定年後の読書ノートより
文化人類学への招待、山口昌男著、岩波新書
いつか読みたいと本箱に眠っていた岩波新書「文化人類学への招待」を取り出して読んでみた。最近あるひとに刺激を受けて、マリノフスキーの「西太平洋の遠洋航海者」と、レビィストロースの「悲しき熱帯」を読もうとしているが、そもそも文化人類学とは何か、山口さんの本をのぞいてそれなりに知っておきたくなった。

山口さんずばり曰く、「たとえば結婚一つとってみても、われわれが考えている形が絶対的なものでないことはだんだん判ってきた。ですから、人類学は、自分達が当たり前だと思っていることにいろいろな変種があるということを明らかにする。その変種のなかでもかっては日本よりヨーロッパが上であり、そこに近づくように努力し、それ以外のものはみんな程度の低いものだと考えてきたが、そのような変種の、背後にある意味を考えていくと、今日、その違いは、程度の高低の違いではなく、人間のあり得る姿のひとつという意味で、ひとつ一つは全く対等なわけです。ですからわれわれは、いろいろ有り得る姿のうちの一つを、自分達のものとして知っているに過ぎないけれども、それはほかの形で現れうるものなのです」と。

文化人類学は、時代の知の表層の部分では役にたたず、深層の部分で役立つということを意味する。我々が普通見慣れているものが唯一絶対的なものではないということを明らかにする。

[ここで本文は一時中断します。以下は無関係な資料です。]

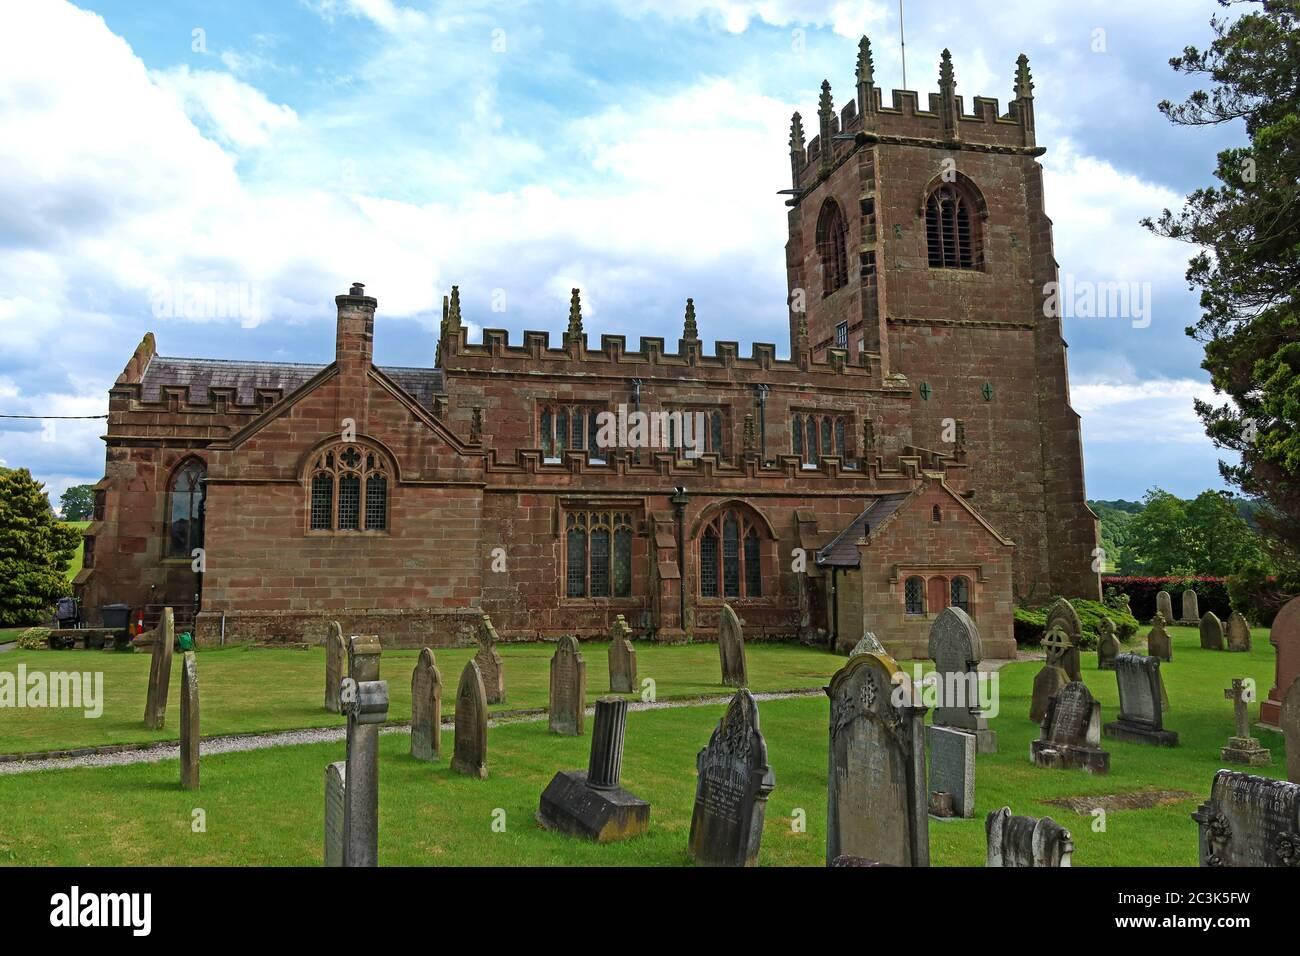 GoTonySmith,HotpixUK,@HotpixUK,SY13,Wirswell Road,Gothic Revival architecture,English Gothic architecture,grade II listed,religion,Anglican,St Michael and All Angels,St Michael & All Angels,parish church,Marbury Parish Church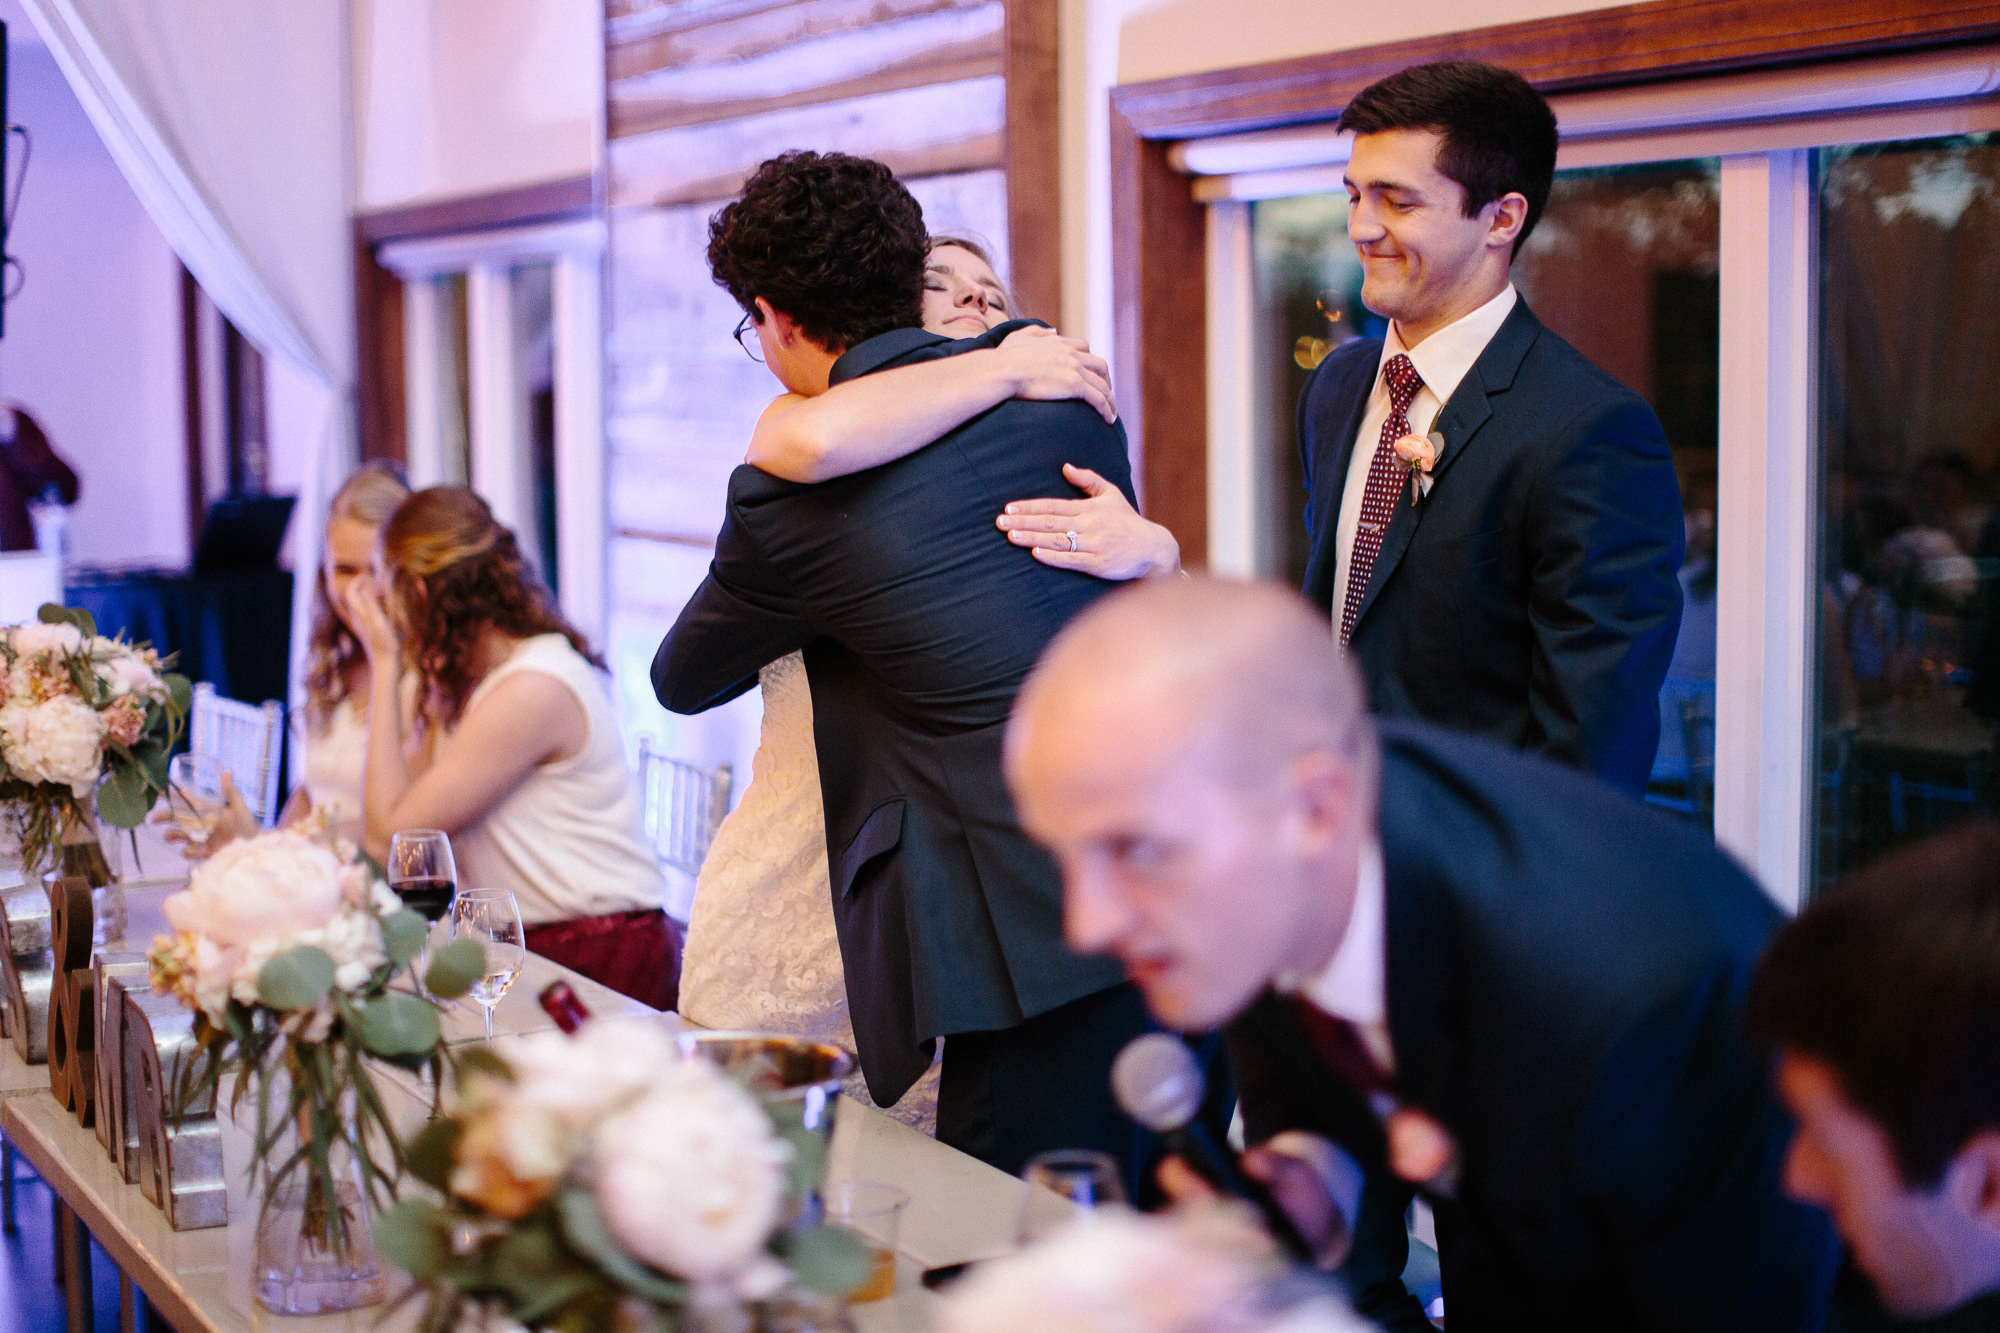 wedding-elopement-adventerous-romantic-timeless-south-dakota-blue-haven-barn-105.jpg

「クラ」とは、遠洋航海によって到達できる他の島の一定の人々と特定の「財貨」の交換行為を示す言葉。腕輪と首飾りのバァギを交換するために、大航海を敢行するのが、クラの主な行為です。クラは循環交換によるコミュニケーションの体系である。クラの財貨は、金に換算出来ない価値のものであり、それ自身の美的なすばらしさが重要。この交換は、経済的な交換というより「象徴的交換」である。交換は文化を活性化させる原動力であるから人類学では重要です。

マリノフスキーとラドクリフ・ブラウンの実証主義・機能主義的な人類学、フィールドワークを中心として、家族および種族に関する社会現象を説明する機能論。

エドマンド・リーチやレビィーストロースは文化の目に見えない、隠れた論理をとにかく掘り起こす論理主義、構造主義。構造人類学では、「交換」の問題を文化理論の基礎においている。自然と文化、結婚出来る女性と結婚出来ない女性にわけることからレビィーストロースは始めた。抑制はコミュニケーションの最低の前提である。人間の行為には何か我慢したり、いろいろな事情で欠けているところが出発点になる。クラには限定交換ではなく、一般交換が開かれた形として残っている。